为首的太子一边踢打那男孩还一边丝毫不顾太子形象的破口大骂,其他孩子也跟着附和,那画面要多刺眼就有多刺眼。
虽然很久没有过问过身边事,但是看自己的儿子在本应宁静的后花园作威作福,他突然心生无端的反感。于是喝了声“住手!堂堂一国太子以多欺少算什么草原上的英雄儿女!”,然后踱步到这些一看到来人是当朝狼王,就通通都傻了眼的小孩子面前。
见自己的几个皇子和那几个狗仗人势的小奴才都躲到太子的身后去,狼王怒视着一脸惶恐的大儿子。
“给我滚回学林院读书去,再让我看到你干这种事我就打断你的腿!”狼王近年来怪敛的脾气让所有人都战战兢兢,这不得宠的太子尤是惧怕这一瞪起眼就格外可怕的父王。于是他连连应声,慌忙择路逃出后花园,而那一大邦半大不小的孩子也跟着一哄而散。
之后,狼王才注意到趴在地上抱着头仍不起身的小孩子,看那孩子动也不动,狼王本想就此离去。但当那小小的身影颤微微的抖动了下,抬起了小小的头颅时,那瞬间,他感觉自己的胸口好似受到强烈的冲击。
那是与那死去的灵妃几乎一模一样的脸孔!
白皙似要透明的面颊,鲜红的欲要滴血的唇瓣,和那……总是带着无端神秘与圣洁气息的茶褐色瞳眸!
虽然被脏污和乌青遮住了那份灵气,虽然那张小脸要比真正灵妃的娇美容颜稚气了许多,但看在相思成狂,心痛入髓的狼王眼里,那无非就是最爱的灵妃的脸庞!
霎时间,他竟忘了灵妃已死的事实,忘记了自己是如何度过地狱般的孤独时间,脑中映的只有他与灵妃共度的那些幸福画面,和可数的几次缠绵……
回忆(中)
“你……叫什么名字?”呆愣了许久之后,狼王听见自己问话的声音。瞬间的激动过后,过往理智上的疯狂好似不存在了般。此时的他,脑中异常的清晰。
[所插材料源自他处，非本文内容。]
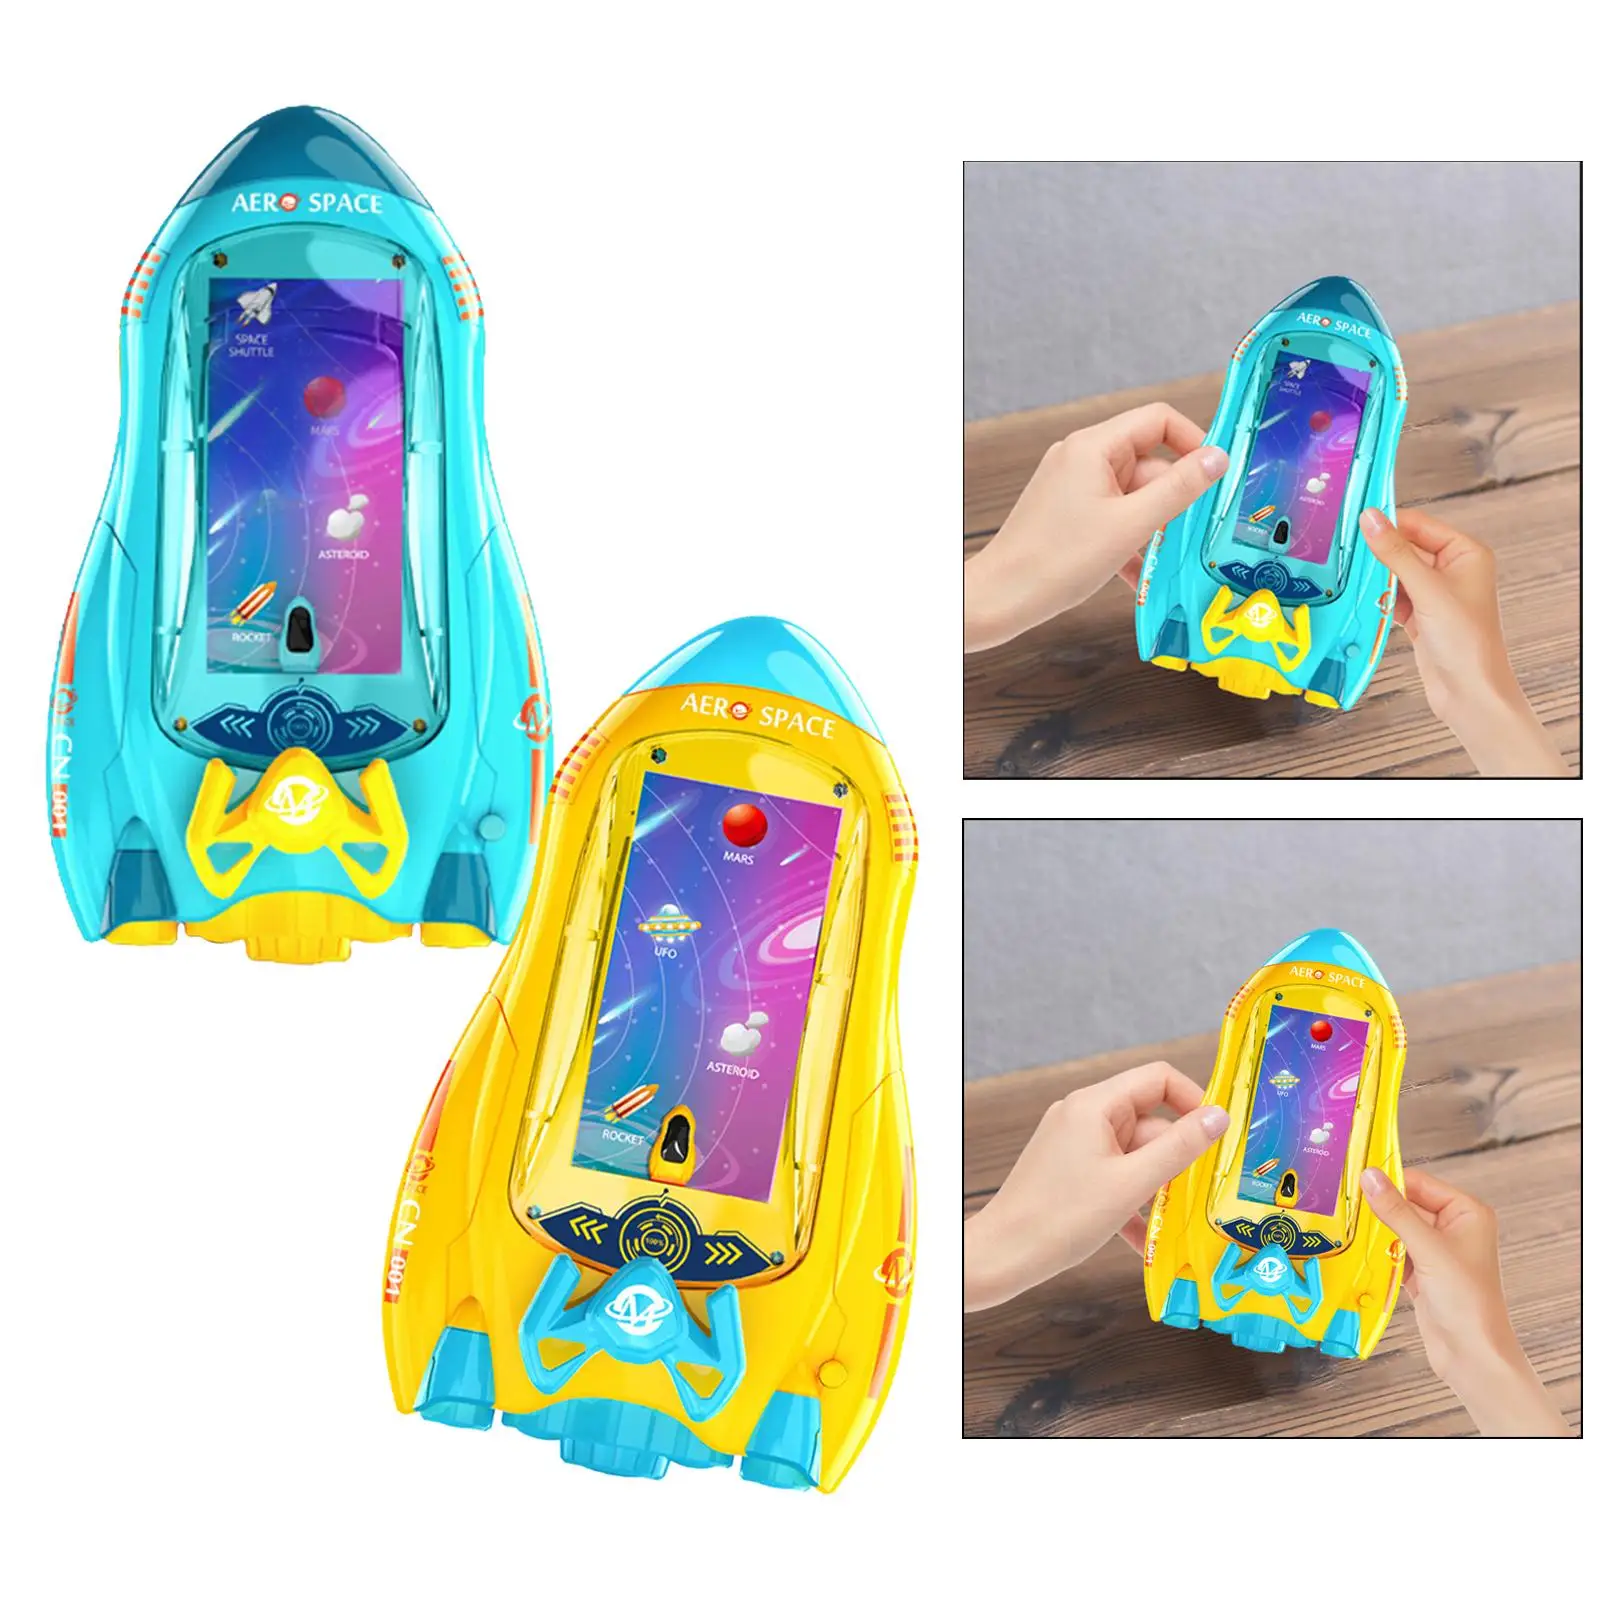 Space Adventure Musical Steering Wheel Toy Early Education Toy with Music Light Interactive for Children Birthday Gifts

他冷静的判断出,眼前的孩子,应该就是他与他那深爱妃子所生的唯一的孩子,从诞生以后就被他遗忘了的本应该最宠爱的孩子。
“多……多伦奇。”男孩的声音透着恐惧的颤抖。
“勇敢的智者”啊。
(“希望……你和我的孩子将来能有一番大的作为……”)自然而然的想起女人卧在病榻上面色苍白的说着自己最美好的祝愿,可是因为她的卧床,在给孩子起完名字之后,狼王的所有精力就都放在她的身上了,直至她死后三年的此刻,这不称职的父亲,才又注意到了这个孩子的存在……
……
他一直不愿去想,自己疼爱那个孩子的理由究竟是什么。
他只是一味的溺爱,给与这个被他的父母遗忘了八年的孩子一切他能给与的,他也曾不止一次的在心底问过自己,他是不是因为被这个孩子初相遇时的面孔所迷惑了?
就因为他长得太过相像他的母妃,狼王就越是觉得那从一开始就浅淡至极的亲子关系越淡薄。
他怎么会是那个女人的儿子呢,一个男孩……会长的这样像他的灵妃?
一遍一遍的询问自己,那疑问就好像沉重的铁锤,“咚”“咚”的砸在心中那道叫做伦常的高墙上。
已经开始有些精神错乱的狼王,在心底不断的问自己,潜意识里也在不断的替自己不正常的思绪寻找适当的借口。表面上看来他还是那个温柔爱子的王,但从根儿上,却已开始被疯狂的黑暗欲望所啃噬。
望着逐渐长大,越来越像死去爱妃的男孩的一颦一笑,有时竟然还会产生灵妃妩媚的朝他微笑的错觉。为了压制心中那欲要挣脱常伦束缚疯狂的黑色野兽,他也曾试着努力过,疏远他,可是那个怕孤单的孩子却不知他内心的险恶而一味的缠着他,他可知他口中的“好父王”,日日夜夜都在做着侵犯“她”的春梦。
污秽的欲望在别的妃子身上都得不到解脱和释放,然而伴随着男孩日渐耀眼的脸庞越发的娇美,那在心底涌起的无端黑暗也在急速的疯长……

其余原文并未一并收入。